I want you to think about thoughts there, I want you to think about what else do you believe. “People shouldn’t do that”, “I should have had a different childhood”, “I should be prettier”, “I should be skinnier”, “I should be” – what is it that you’re believing that is negative that maybe you don’t have to believe, maybe you choose not to believe anymore?
You have to decide, “Yes, I want to think those things are negative, and I’m willing to feel sad and grief and pain over them.” But is there a middle ground? Are there other thoughts that I don’t want to choose to believe anymore, that I want to change?
I want to understand the reason why I’m thinking negative thoughts. One of the reasons is because of my primitive brain that’s afraid, trying to keep me safe. The other one is because I choose to, because of my humanity. But the other reason is because I’ve just been indoctrinated to believe something since I was a child, and maybe I can revisit those beliefs and choose to believe something different.
So I want you to ask yourself, what is a thought that you’re thinking at any point that is painful? And ask yourself this, why are you choosing to believe it? Is it a conscious choice? Are you doing it on purpose? Does it serve you and your humanity? Is it worth it to feel this way in order to believe this thought?
Child abuse is bad, yes, I think all of us can agree that it’s worth it to feel horrible in order to keep that belief and that thought. But there are many thoughts – “I shouldn’t be doing this”, “That person shouldn’t be doing this”, “I should be richer”, whatever it is, what are those thoughts that you think aren’t optional that you could change?”
The contrast of thoughts need to be by choice. The balance of thoughts can be within your control when you decide what you want to believe and why. Do not be confused. Every thought you have is a choice. Many of the thoughts you choose to think will serve you even though they cause you pain, but many of them won’t.

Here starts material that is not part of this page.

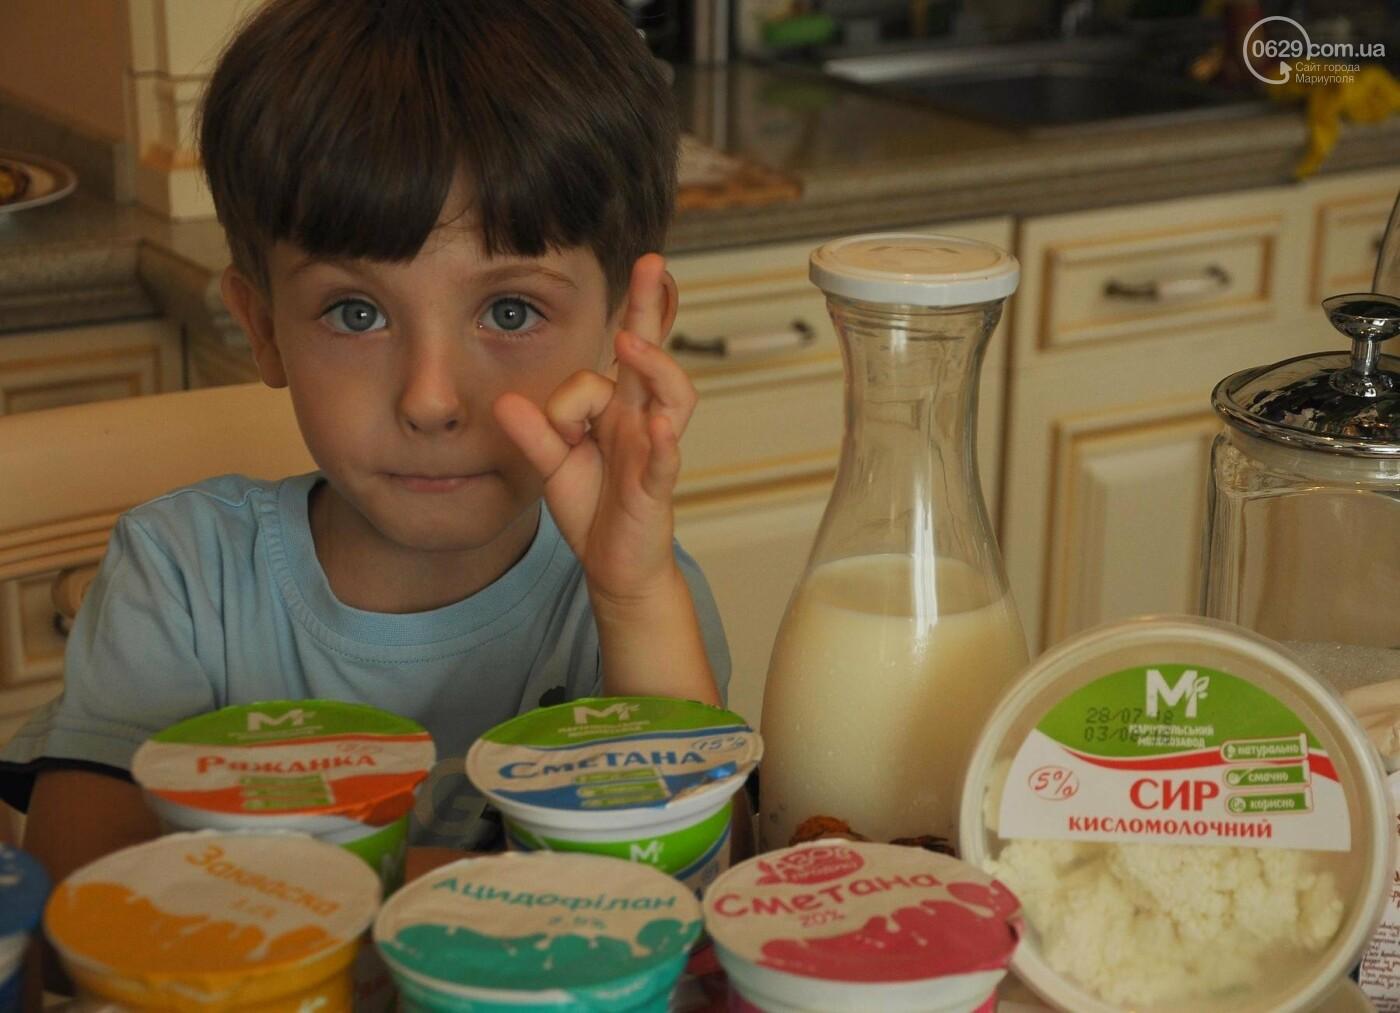 Мариупольский молокозавод дарит 1000 гривен, фото-8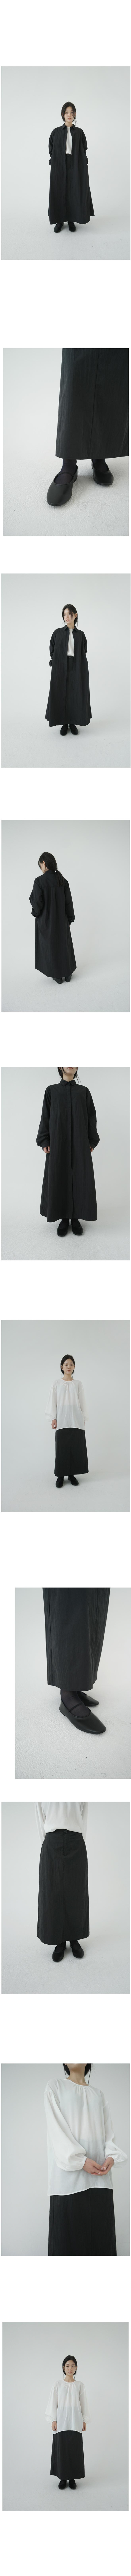 petit banding flat shoes

Look at each one consciously and make sure you decide again that it’s a belief that you want to keep. And if it isn’t, I want you to think about changing it. Own it so you can have some authority over it, so you can change it maybe into something that serves you more.”
Going along with what I wrote on my last post, I think that there are times when we have a NEGATIVE thought (that is damning) and if we ask God, He can elevate that thought and change it into a “negative” (negative/positive) thought that will motivate us to improve and grow and progress.
So to wrap this all up – we are designed to experience negative emotions about 50% of the time.  It’s an important and necessary contrast but it’s important that we are intentional about which types of negative thoughts we entertain.  Choose your negative thoughts – don’t get sucked in by the double NEGATIVE, damning thoughts.  Don’t let them come home to stay.  Examine your thought processes and ask yourselves if you have thoughts that you can let go, that you can choose to stop believing.
Allow only the thoughts in that serve you.  And I mean that in the highest way.  Some of these thoughts are very positive and happy and exciting.  Other times, these thoughts are “negative” and they don’t always feel great – they may cause some “negative” emotions like guilt, sadness, disappointment, etc.  But these are thoughts that move you forward on your journey back to Heavenly Father.  These are the thoughts that are truly serving you.